## EXERCISE DESCRIPTION
Print every line of the material below exactly as it stands, but omit the pictures.

## DATA BLOCK
========

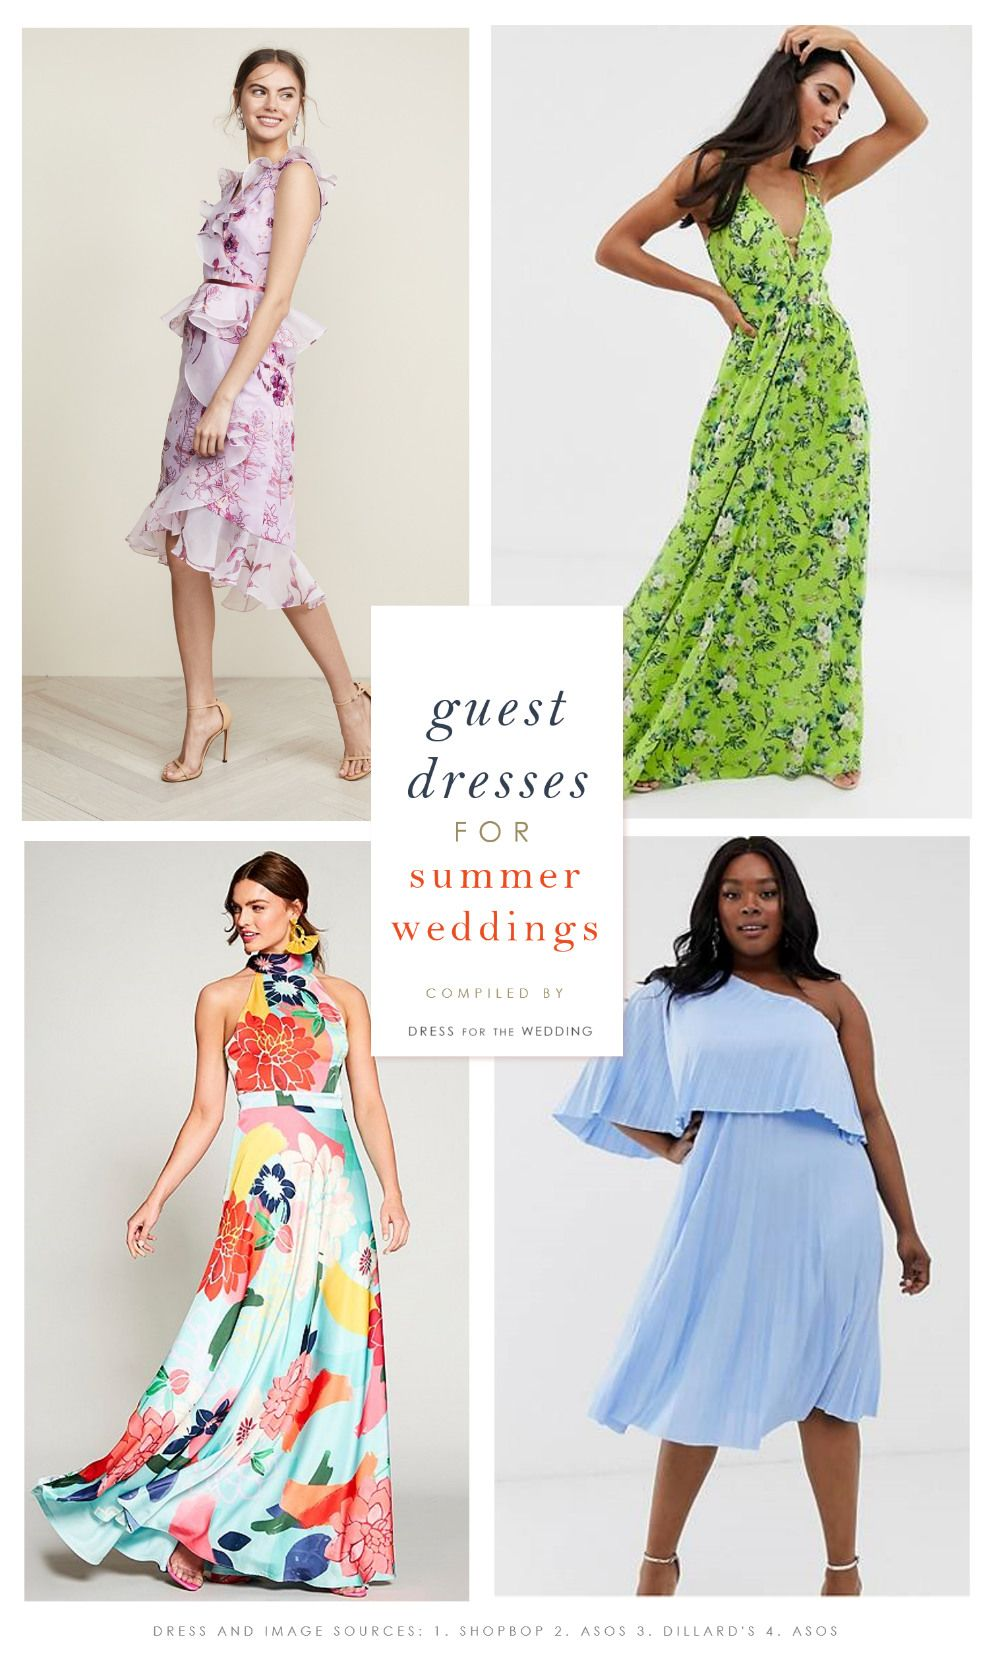 The Best Summer Dresses To Wear To Summer Weddings Summer Wedding Guest Dresses For Wedding Guest Dress Summer Wedding Guest Dress Styles Wedding Guest Dress
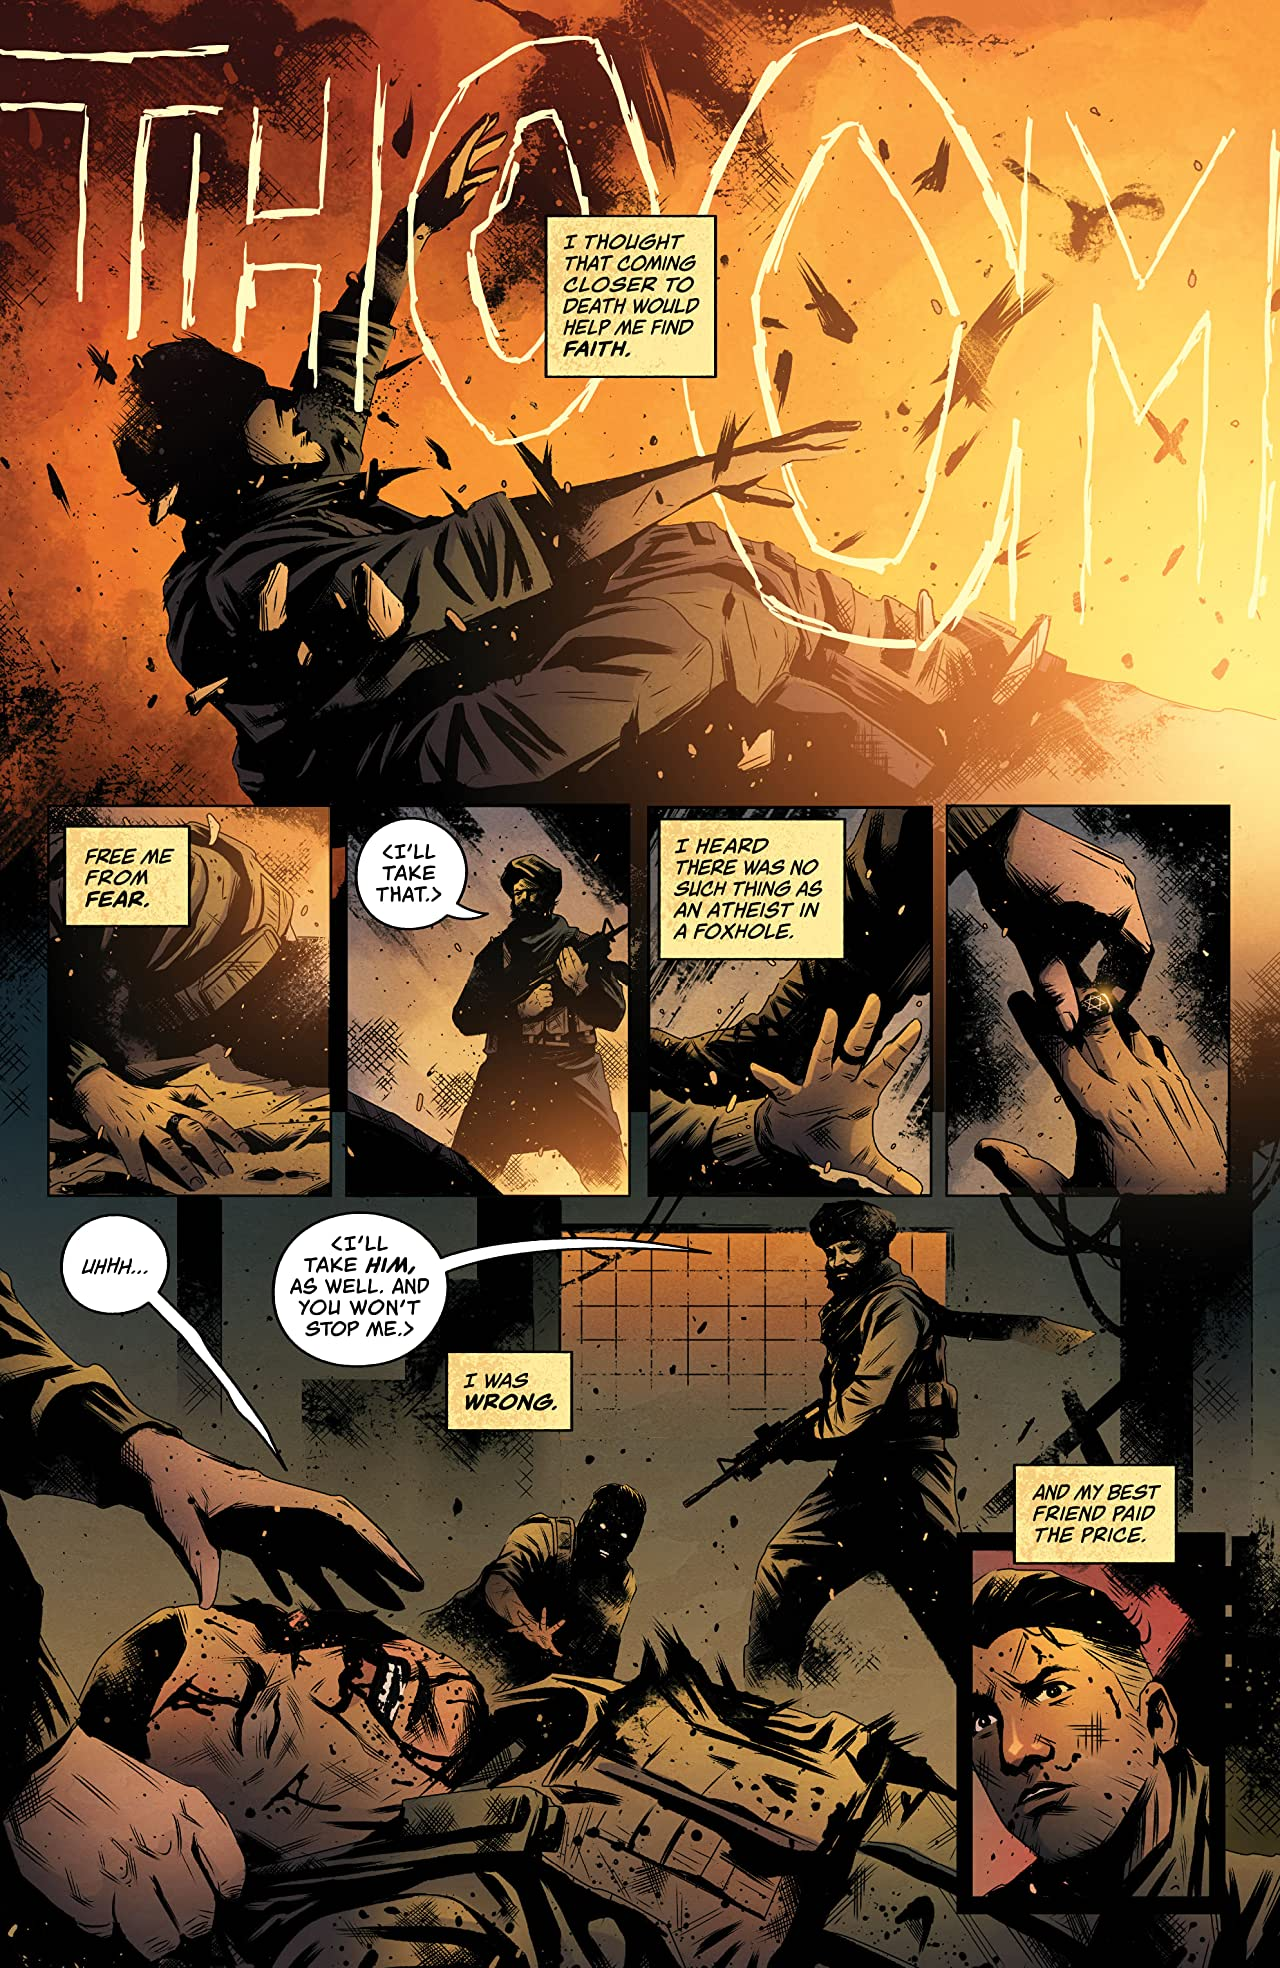 War on Terror Vol. 1: Godkillers
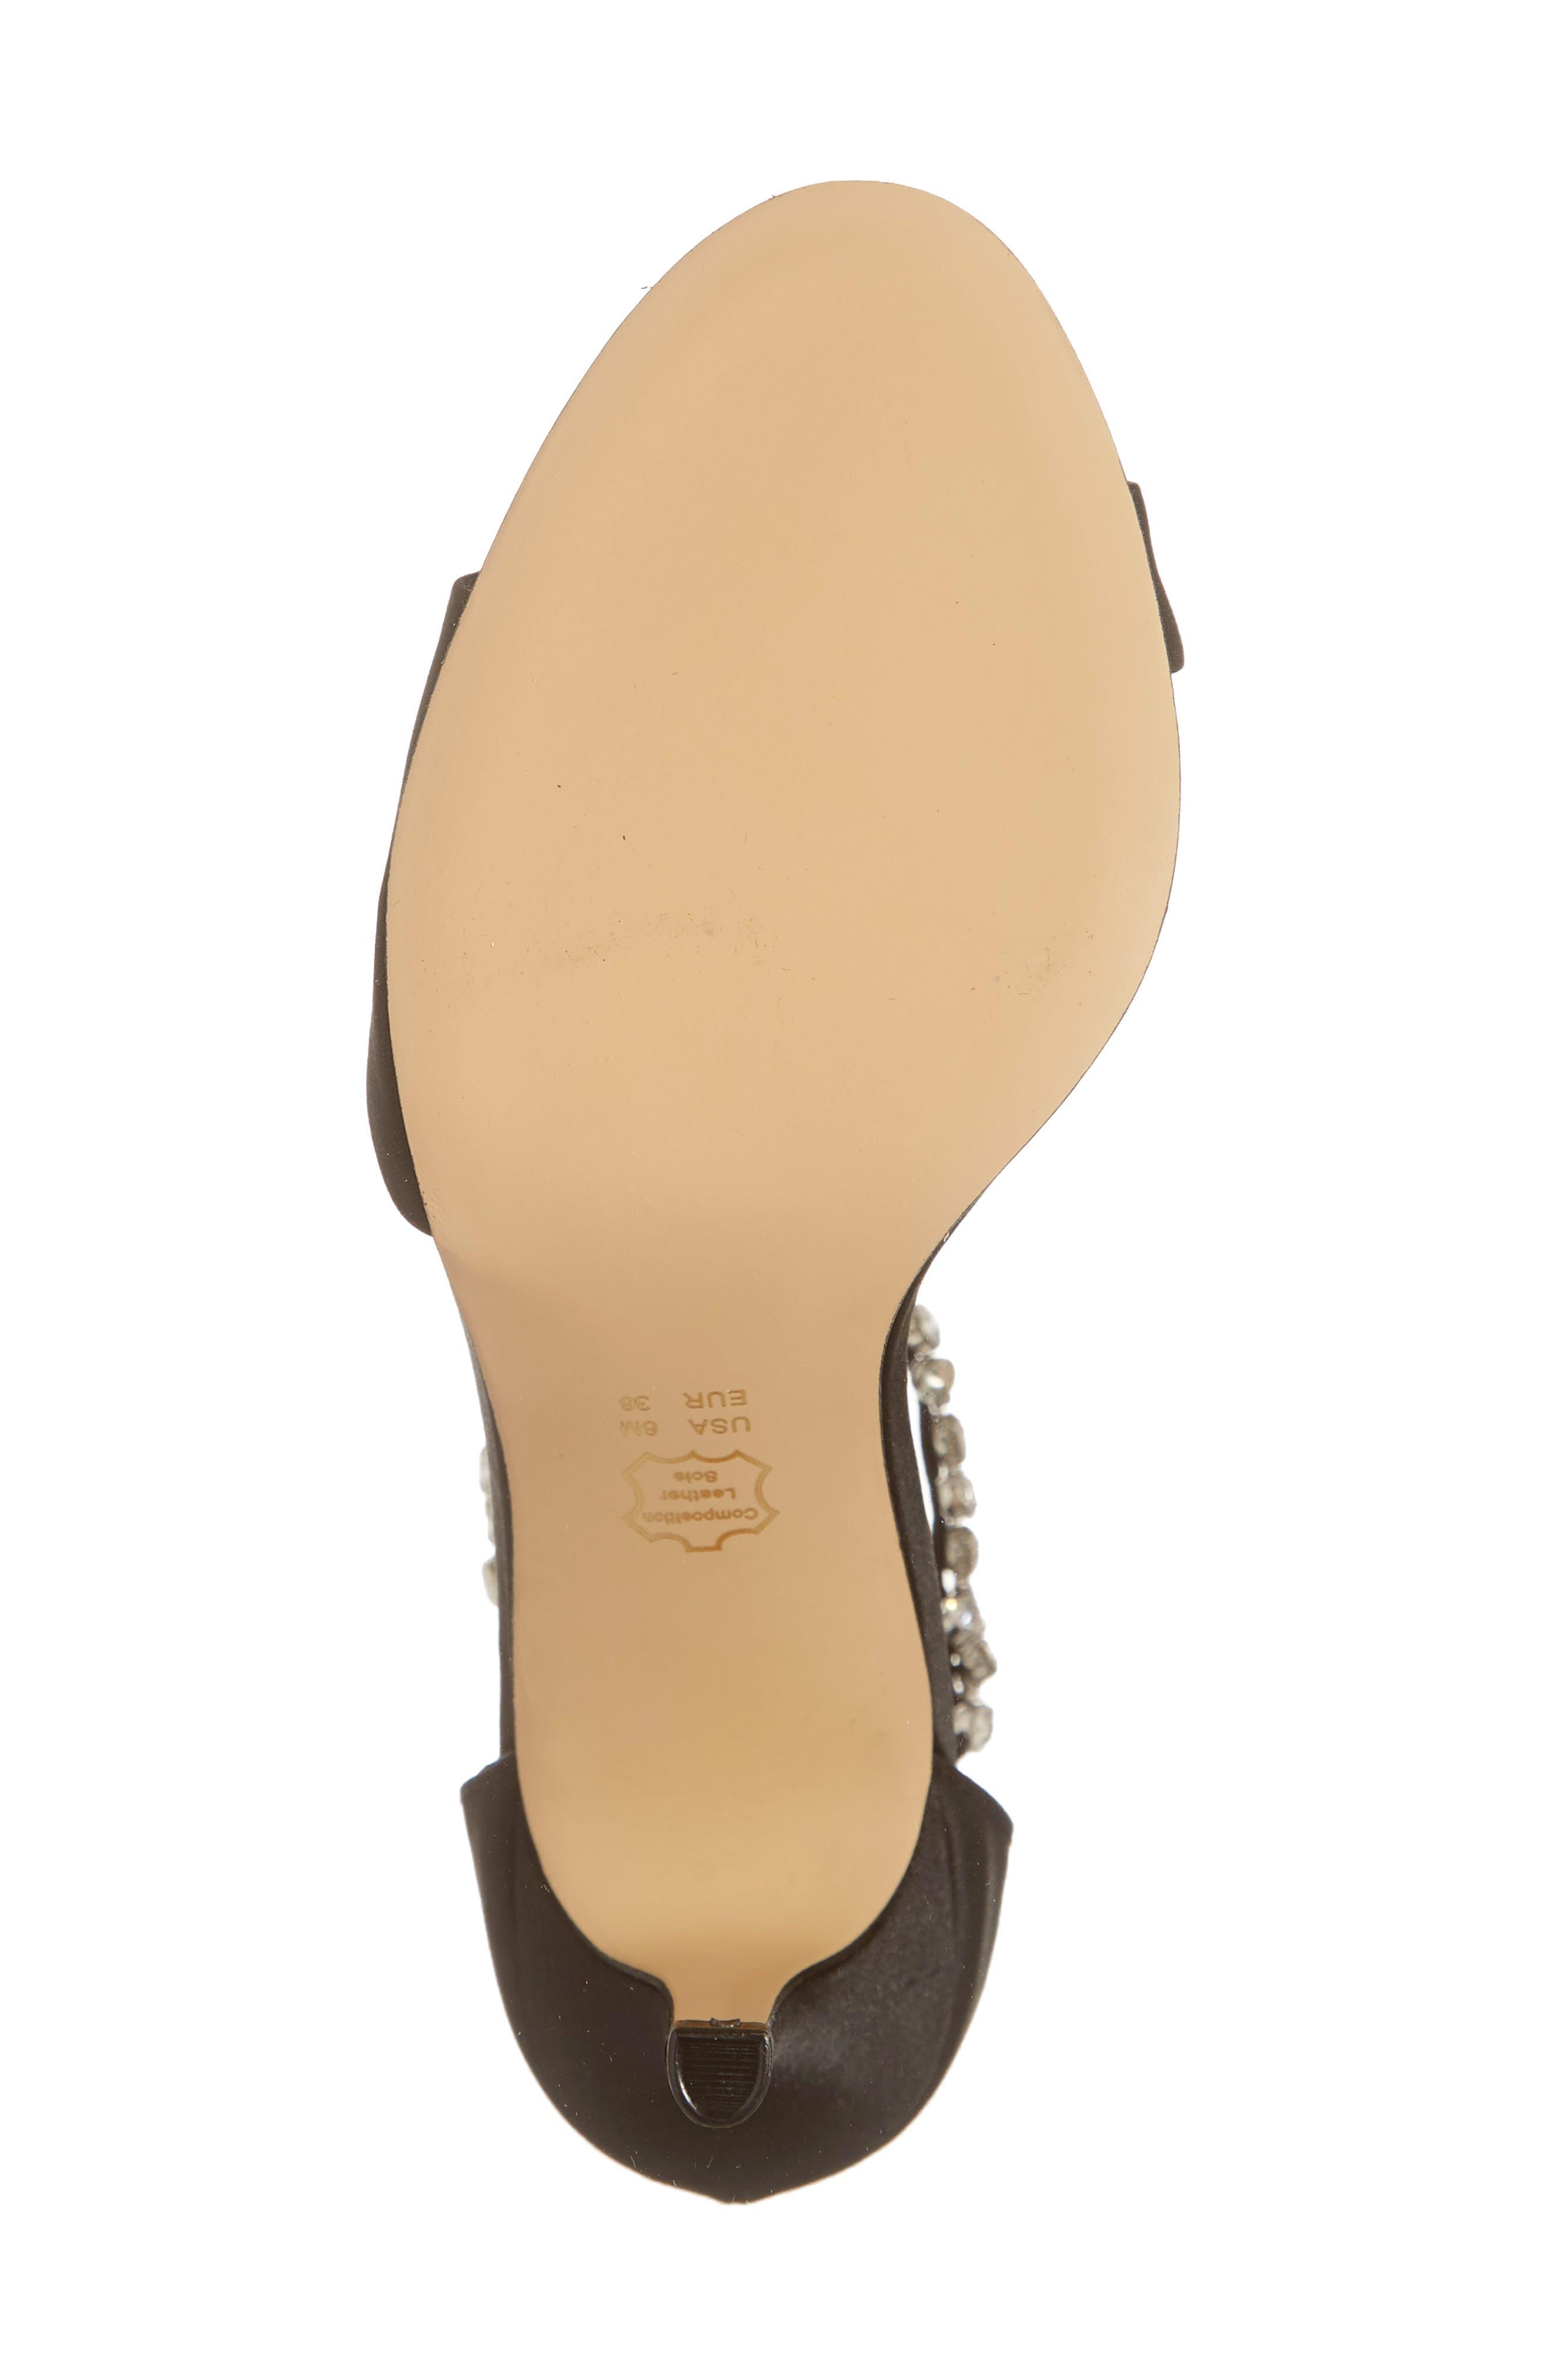 NINA, Vera Embellished Ankle Strap Sandal, Alternate thumbnail 6, color, BLACK SATIN

========

## SOLUTION TO THIS PROBLEM
 The Best Summer Dresses To Wear To Summer Weddings Summer Wedding Guest Dresses For Wedding Guest Dress Summer Wedding Guest Dress Styles Wedding Guest Dress
 War on Terror Vol. 1: Godkillers
 NINA, Vera Embellished Ankle Strap Sandal, Alternate thumbnail 6, color, BLACK SATIN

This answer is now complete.